Epilepsy – a long term consequence of severe malaria

Severe Malaria

When calculating the burden of malaria, we often forget the longer term disabilities that persist after an acute episode. Specifically, Kariuki and co-researchers highlight that, “Falciparum malaria is an important cause of acute symptomatic seizures in children admitted to hospitals in sub-Saharan Africa, and these seizures are associated with neurological disabilities and epilepsy.”
In a new review in Neurology, Ngugi and colleagues report that …

“Our estimates suggest that the incidence of epilepsy in LMIC (low and middle income countries) is approximately twice that of HIC (high income countries) … The cause of the higher incidence in resource-poor compared to industrialized countries is likely to be multifactorial. The higher incidence of head trauma and of infections and infestations of the CNS (central nervous system) such as malaria, neurocysticercosis, and invasive bacterial infections may be important causes.”

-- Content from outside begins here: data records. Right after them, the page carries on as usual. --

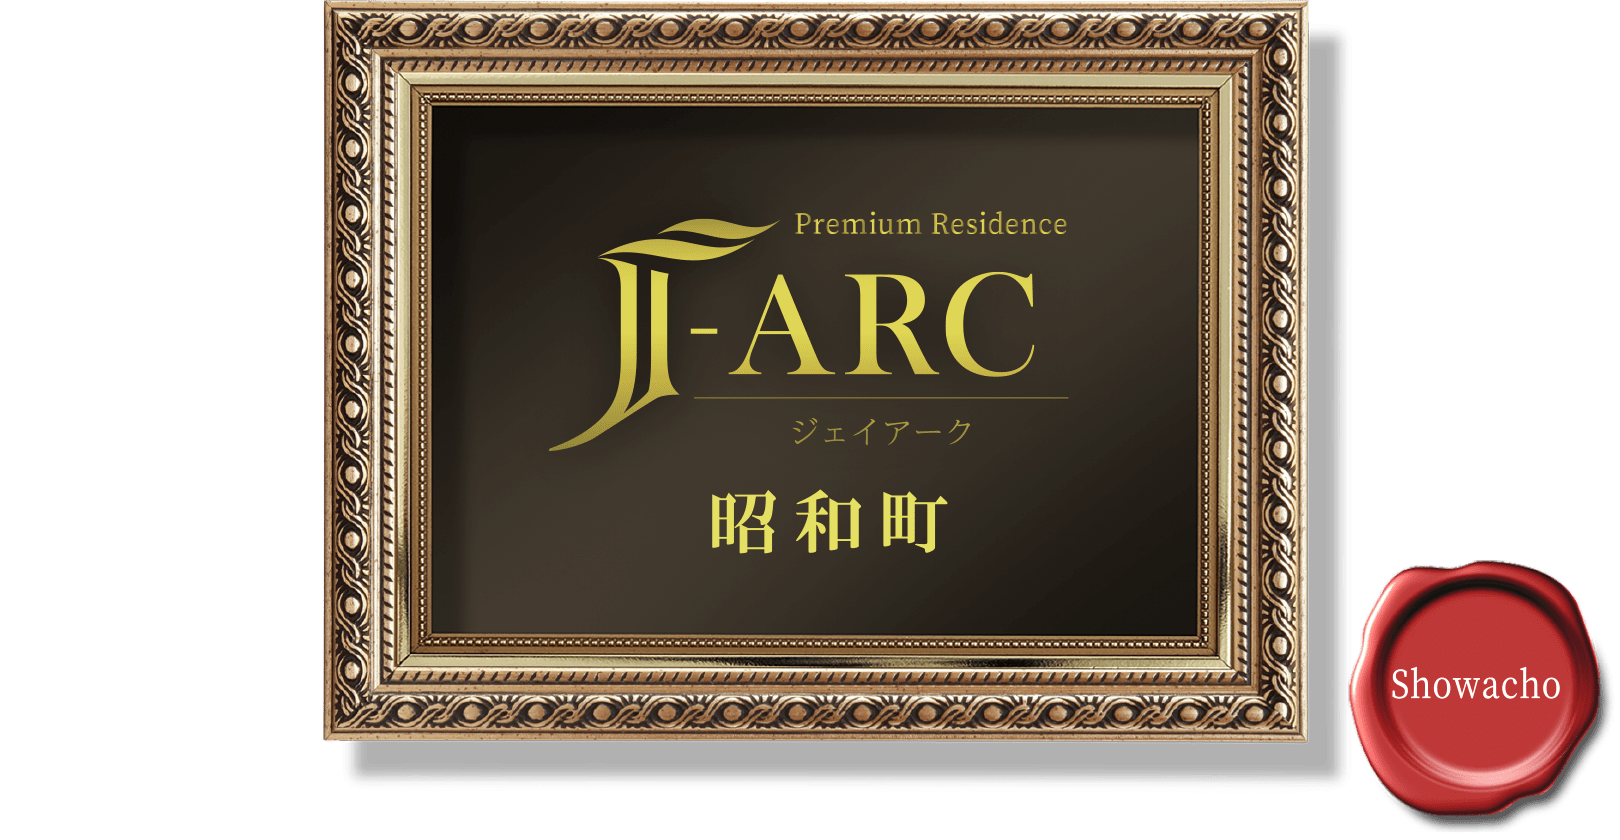 Premium Residence J-ARC 昭和町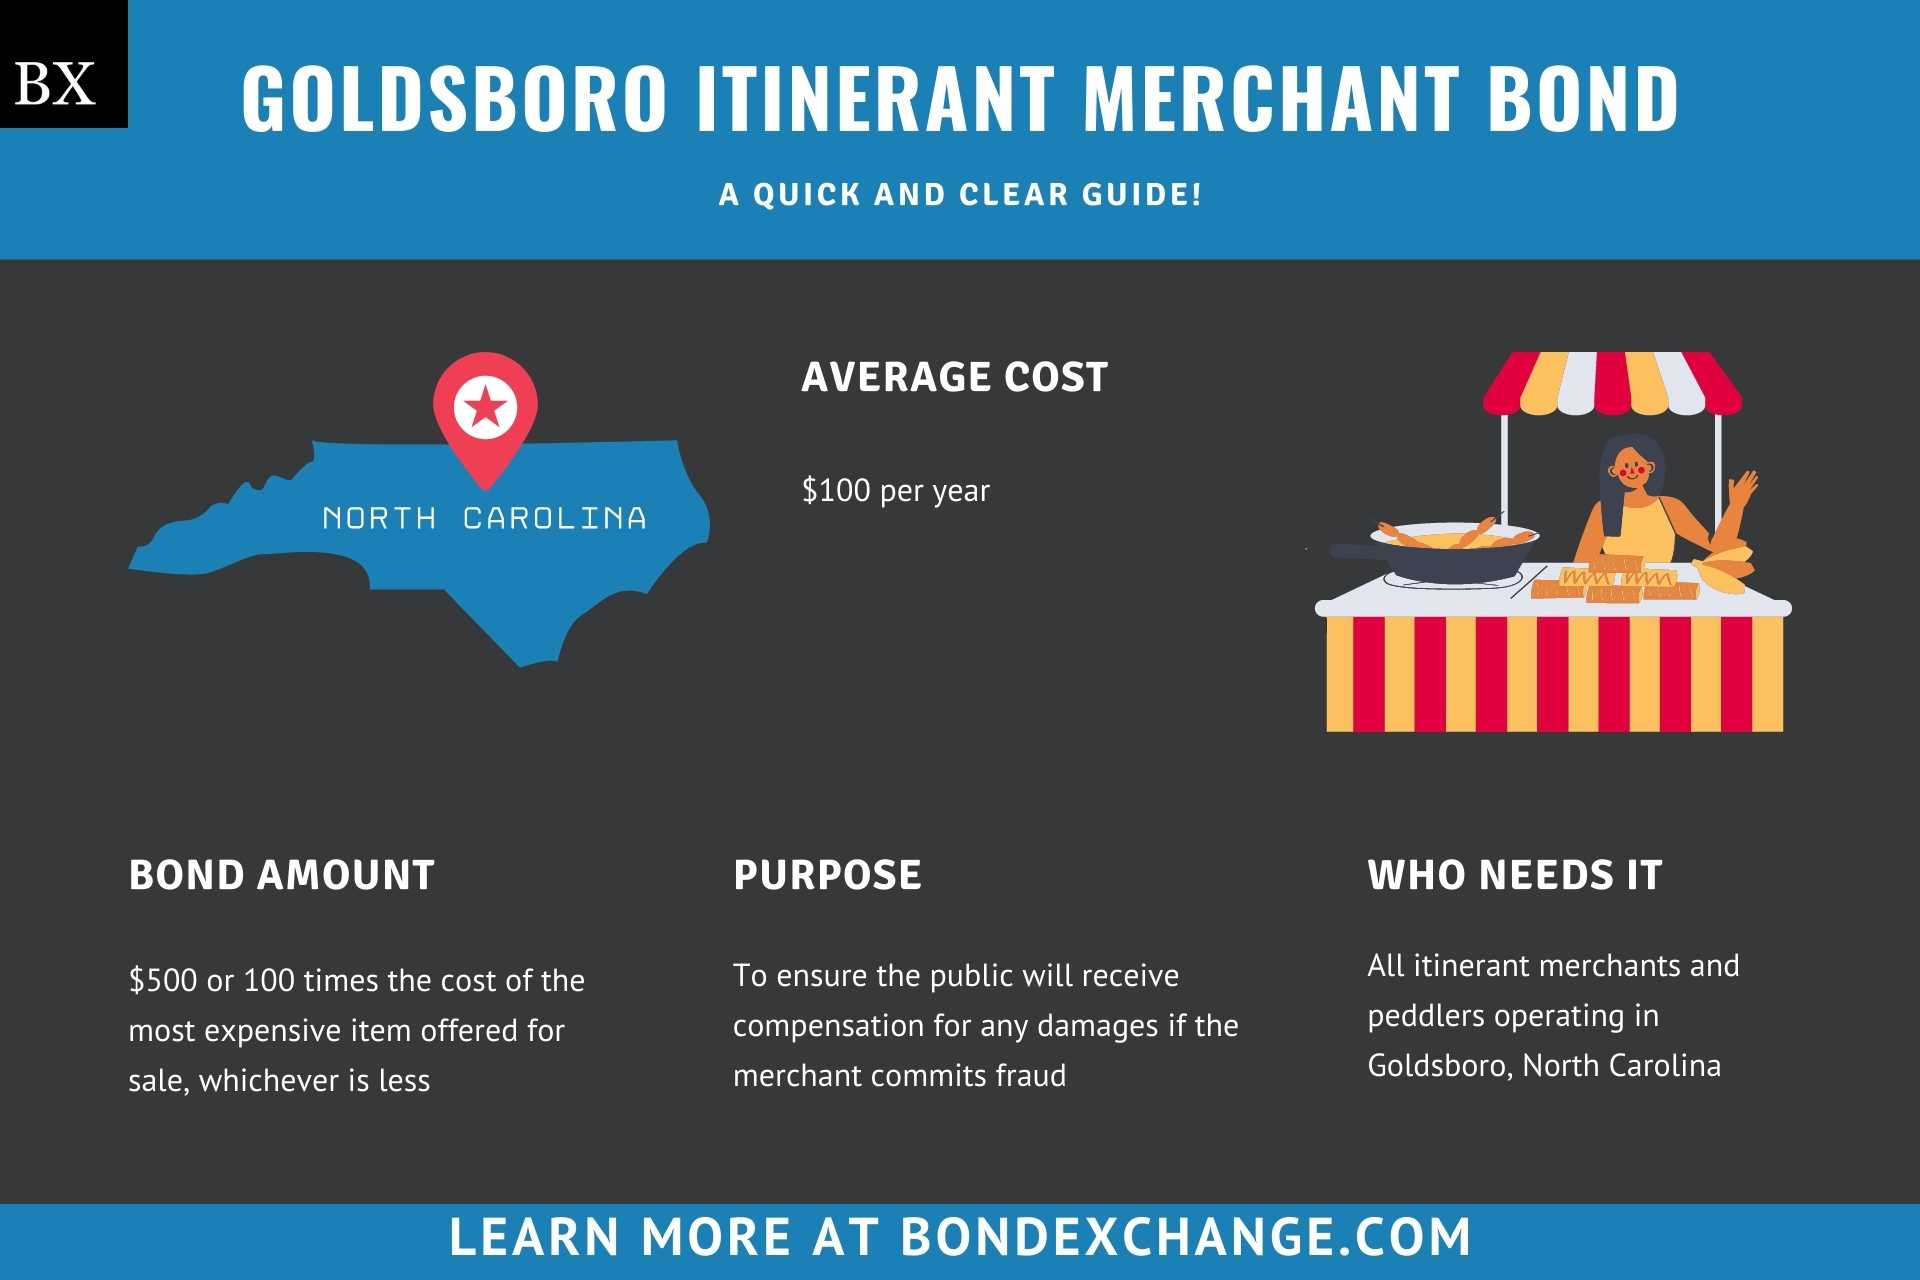 Goldsboro Itinerant Merchant Bond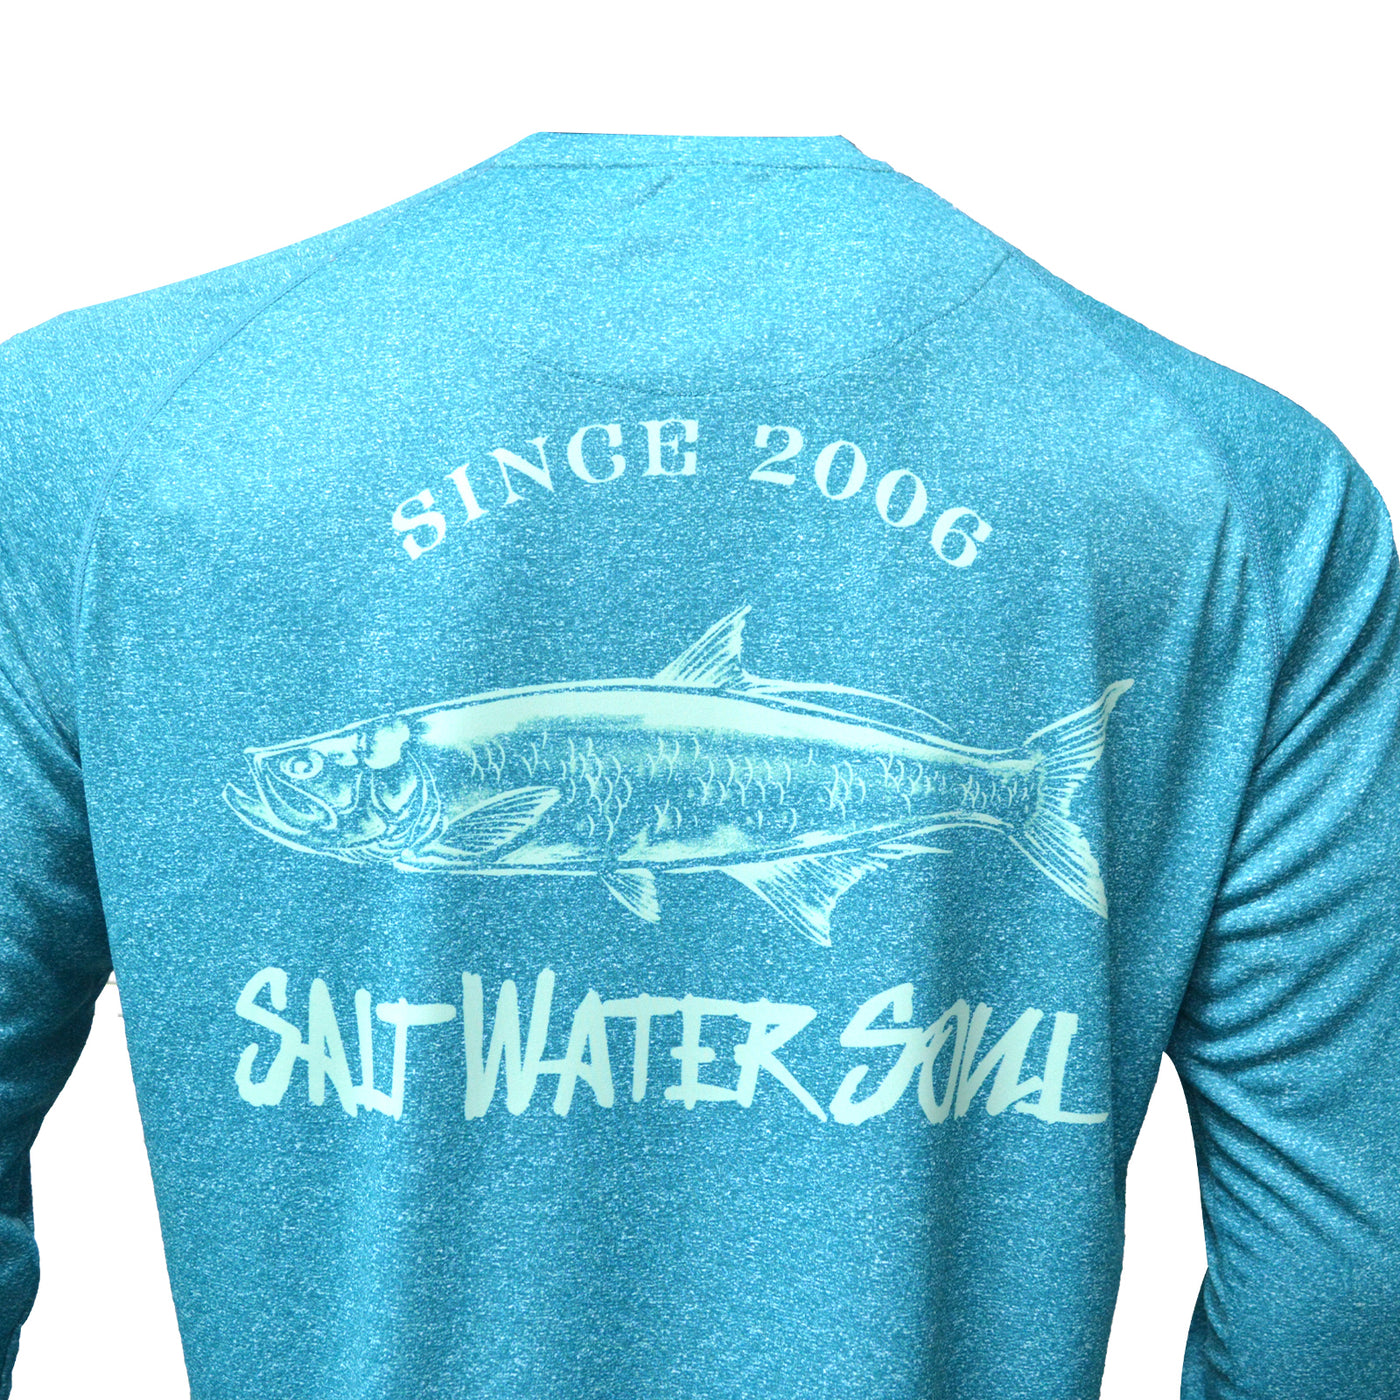 Buy Performance Fishing Shirts, Tarpon Fishing Shirts Design S / Blue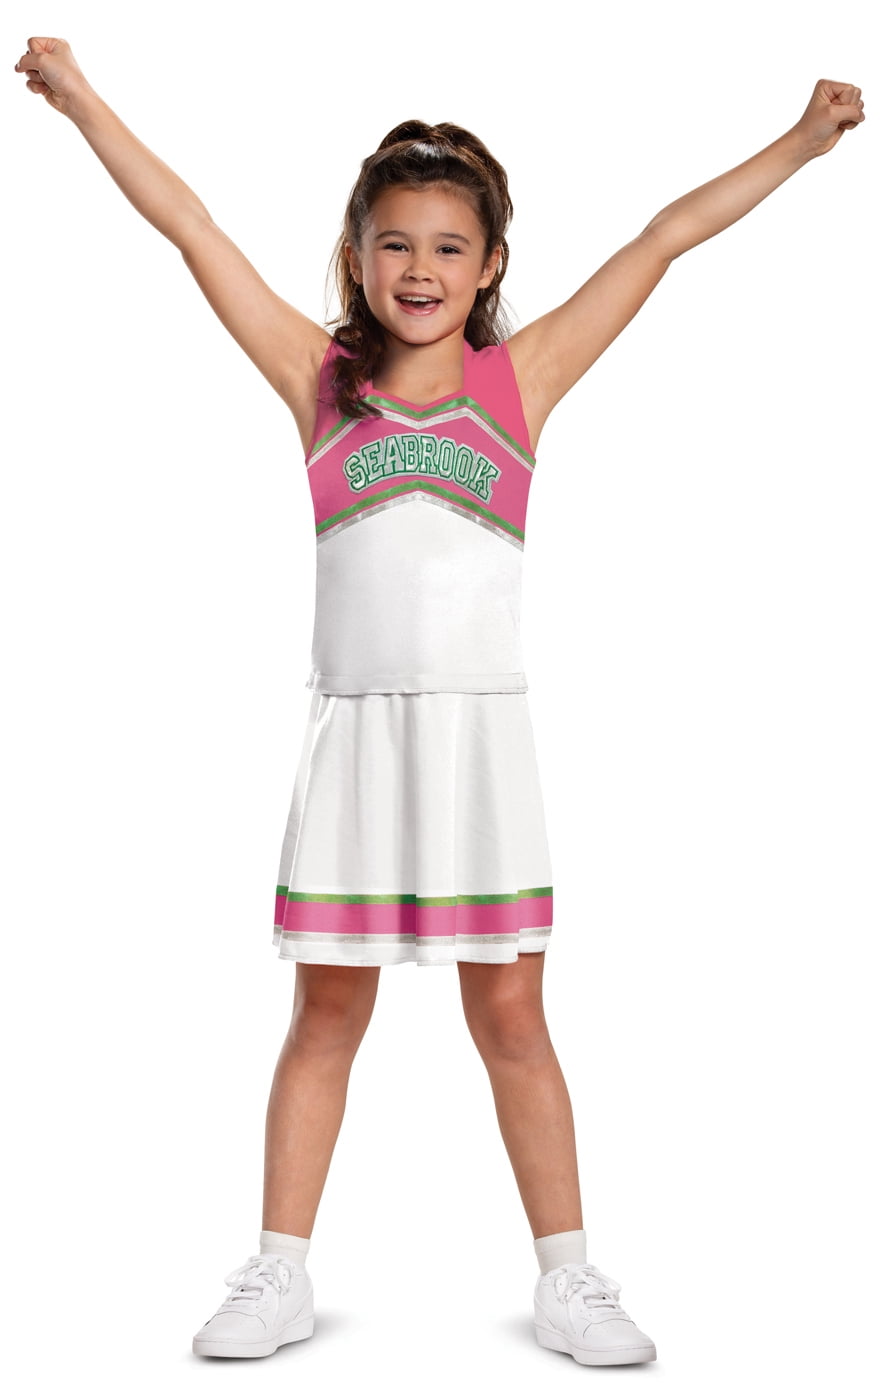 Cosplay.fm Kids Child National USA Cheerleader Cheer Costume Outfit Shirt Skirt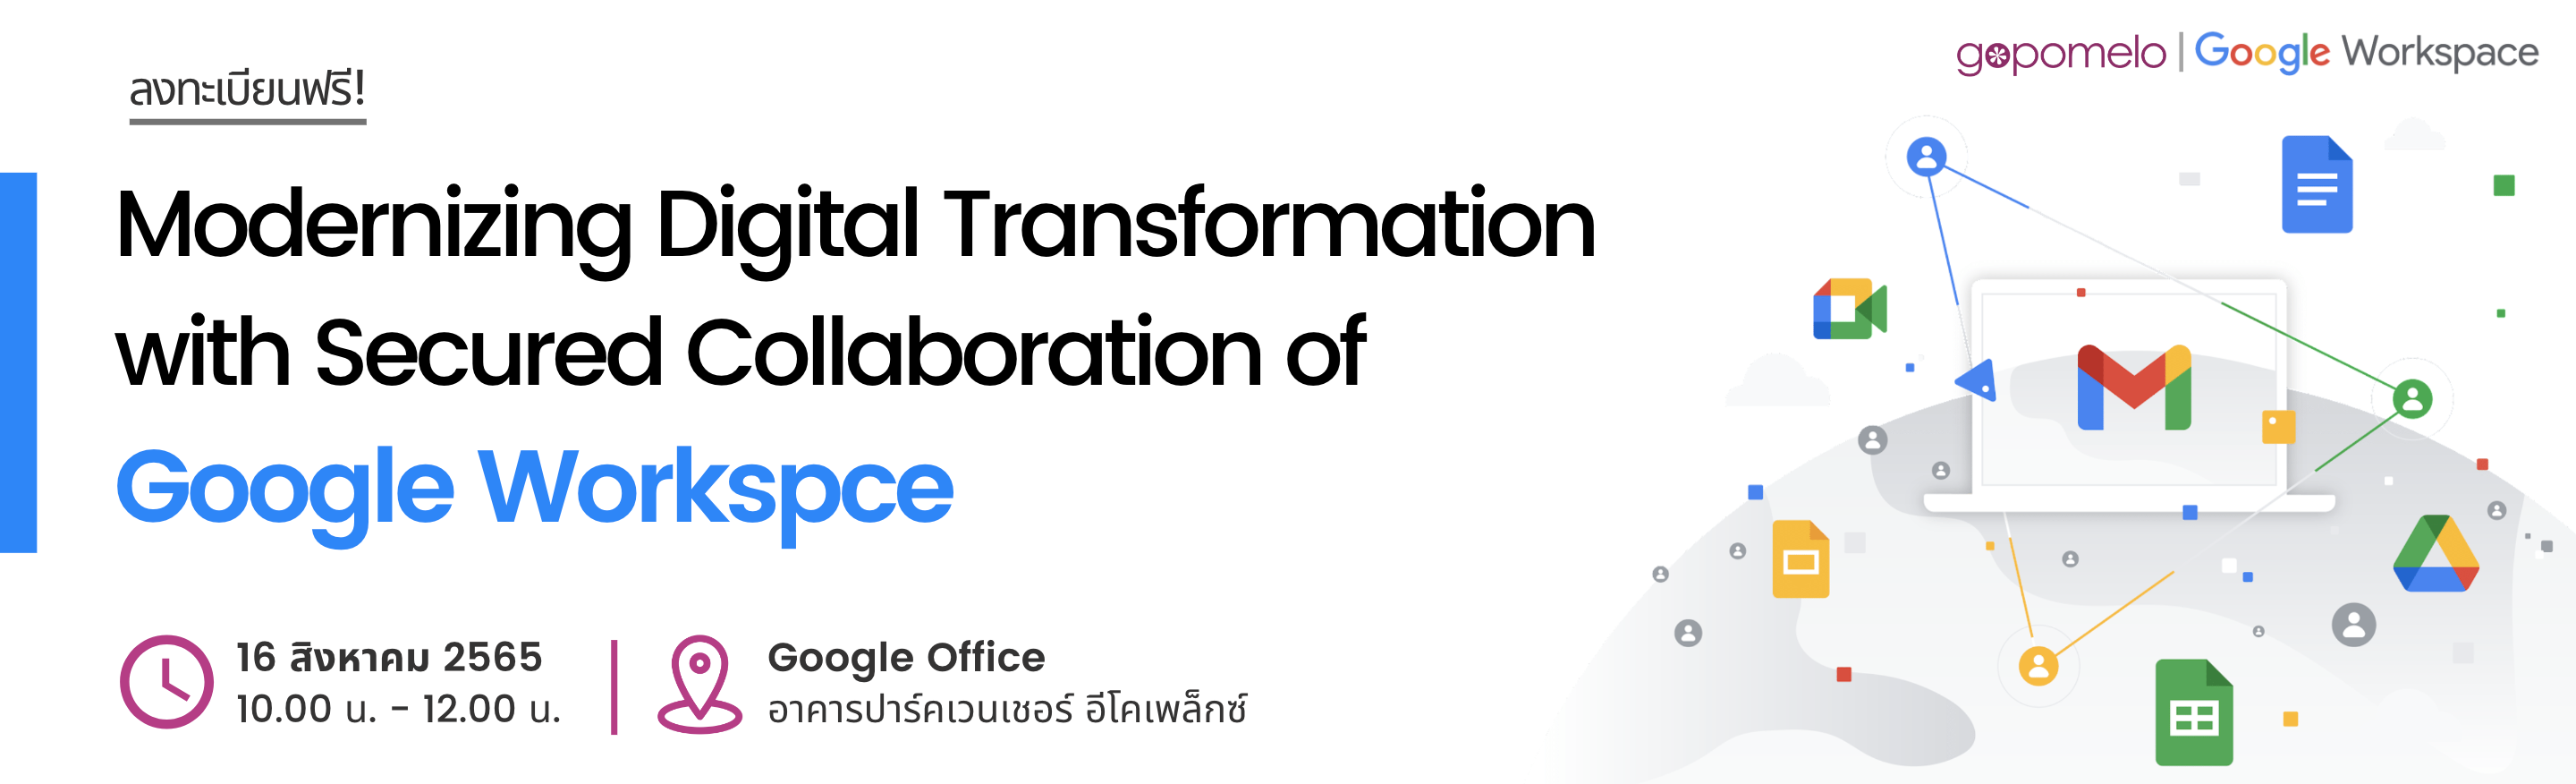 Modernizing Digital Transformation with Secured Collaboration of Google Workspace

dscn9102sm.jpgPreventing malaria or treating malaria in a very timely manner is a crucial step in reducing the long term burden of disease in individuals and countries. Kariuki et al. note a challenge: “… it is difficult to determine the proportion of seizures attributable to malaria in endemic areas since a significant proportion of asymptomatic children have malaria parasitaemia.”

Kenya has been experiencing some intense malaria intervention over recent years.  This provides a setting where researchers have gotten a handle on the potential reduction in the burden of long term CNS disease because of malaria control activities. Among the findings Kariuki et al. report are that, “From 2002 to 2008, the incidence of all acute symptomatic seizures decreased by … 69.2% with 93.1% of this decrease in malaria-associated seizures.”

Malaria itself imposes major immediate costs on a community from direct service payments and indirect loss of work and of course from loss of life. We should not forget the lingering costs of severe malaria may degrade the educational and occupational capacity and opportunities of community members, leaving such endemic communities mired in poverty. Clearly malaria elimination is an essential contribution to national development.